Publication year - 2012
Publication title -
internal medicine journal
Language(s) - English
Resource type - Journals
SCImago Journal Rank - 0.596
H-Index - 70
eISSN - 1445-5994
pISSN - 1444-0903
DOI - 10.1111/imj.12001
Subject(s) - medicine , nadir , diabetic ketoacidosis , bicarbonate , metabolic acidosis , creatinine , phosphate , acidosis , ketoacidosis , endocrinology , diabetes mellitus , hypophosphatemia , gastroenterology , biochemistry , chemistry , type 1 diabetes , satellite , aerospace engineering , engineering
Changes in serum phosphate during diabetic ketoacidosis ( DKA ) treatment are not well characterised, although it is known that serum phosphate falls with treatment. We sought to define the nature of these changes and whether the severity of acidosis on admission influenced the severity of subsequent hypophosphataemia. We retrospectively reviewed data on all patients with confirmed DKA presenting to our unit between 2007 and 2010 inclusive. Forty‐three patients with 64 episodes of DKA were evaluated. At presentation, 62.5% of patient episodes were hyperphosphataemic. Initial serum phosphate in all patient episodes correlated significantly with the initial serum creatinine (r = 0.694, P < 0.01) and the initial blood glucose (r = 0.593, P < 0.01). Serum phosphate fell during the course of treatment in all episodes (mean absolute fall 1.28 ± 0.77 ( SEM ) mmol/ L ). The mean nadir phosphate was 0.58 ± 0.19 mmol/ L . Ninety per cent of nadir phosphate levels were hypophosphataemic (<0.8 mmol/ L ), and 11% were severely hypophosphataemic (<0.32 mmol/ L ).

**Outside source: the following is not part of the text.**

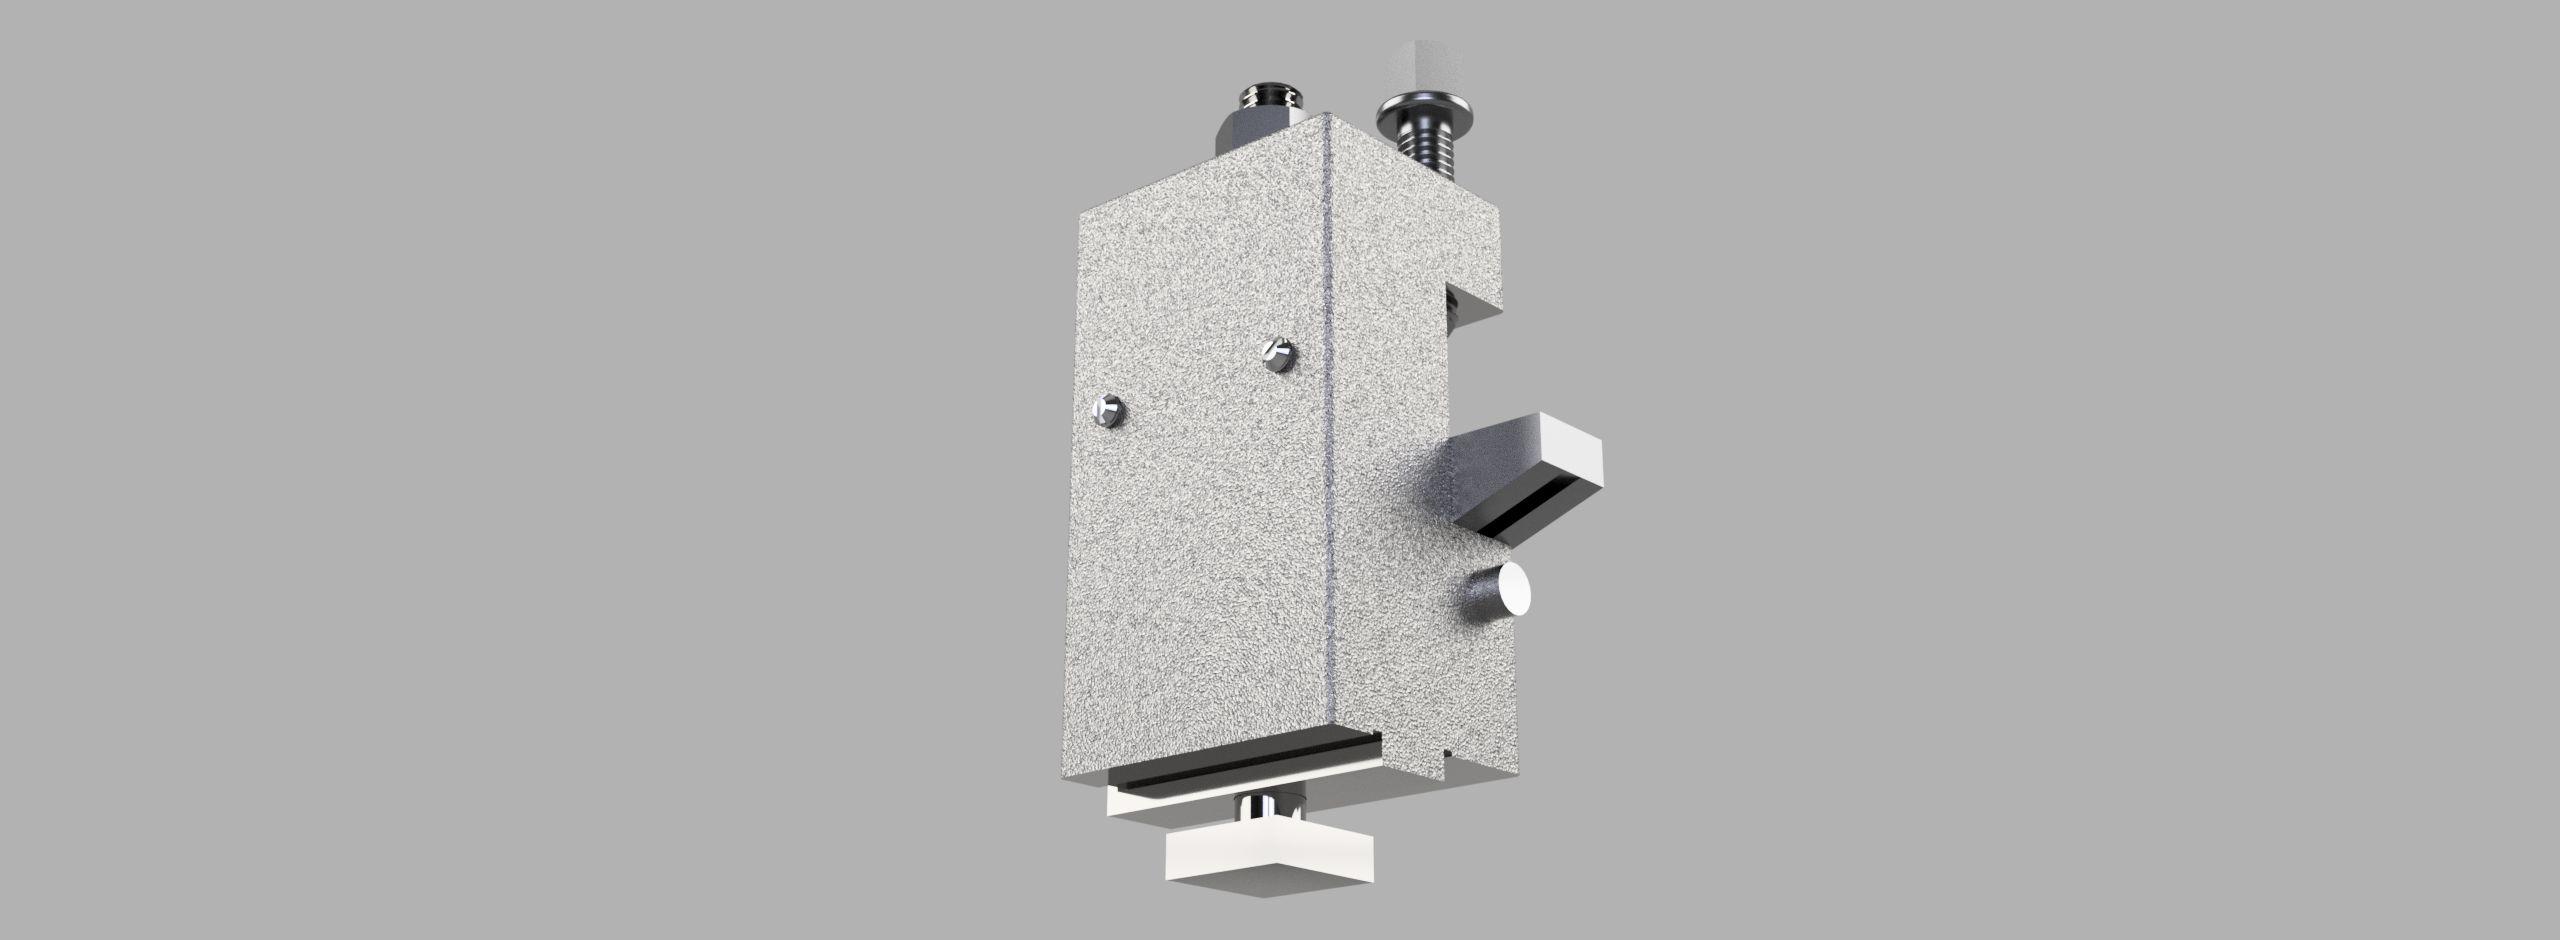 Tool-post-v12-c-3500-3500

Mean initial bicarbonate differed significantly between those with nadir phosphates <0.5 mmol/ L (9.26 ± 4.55) and those with nadir phosphates >0.5 mmol/ L (13.0 ± 4.59, P = 0.0031). Similar significant bicarbonate differences were noted between those with nadir phosphates less than and more than 0.32 mmol/ L respectively (7.42 ± 2.44 and 12.2 ± 4.87, P < 0.01). The initial hyperphosphataemia is reflective of intravascular volume depletion and pre‐renal renal impairment. The severity of subsequent hypophosphataemia can be predicted by the degree of metabolic acidosis on presentation. As profound hypophosphataemia can be associated with serious complications, clinicians should recognise the likelihood of this biochemical derangement in those DKA patients presenting with profound acidosis.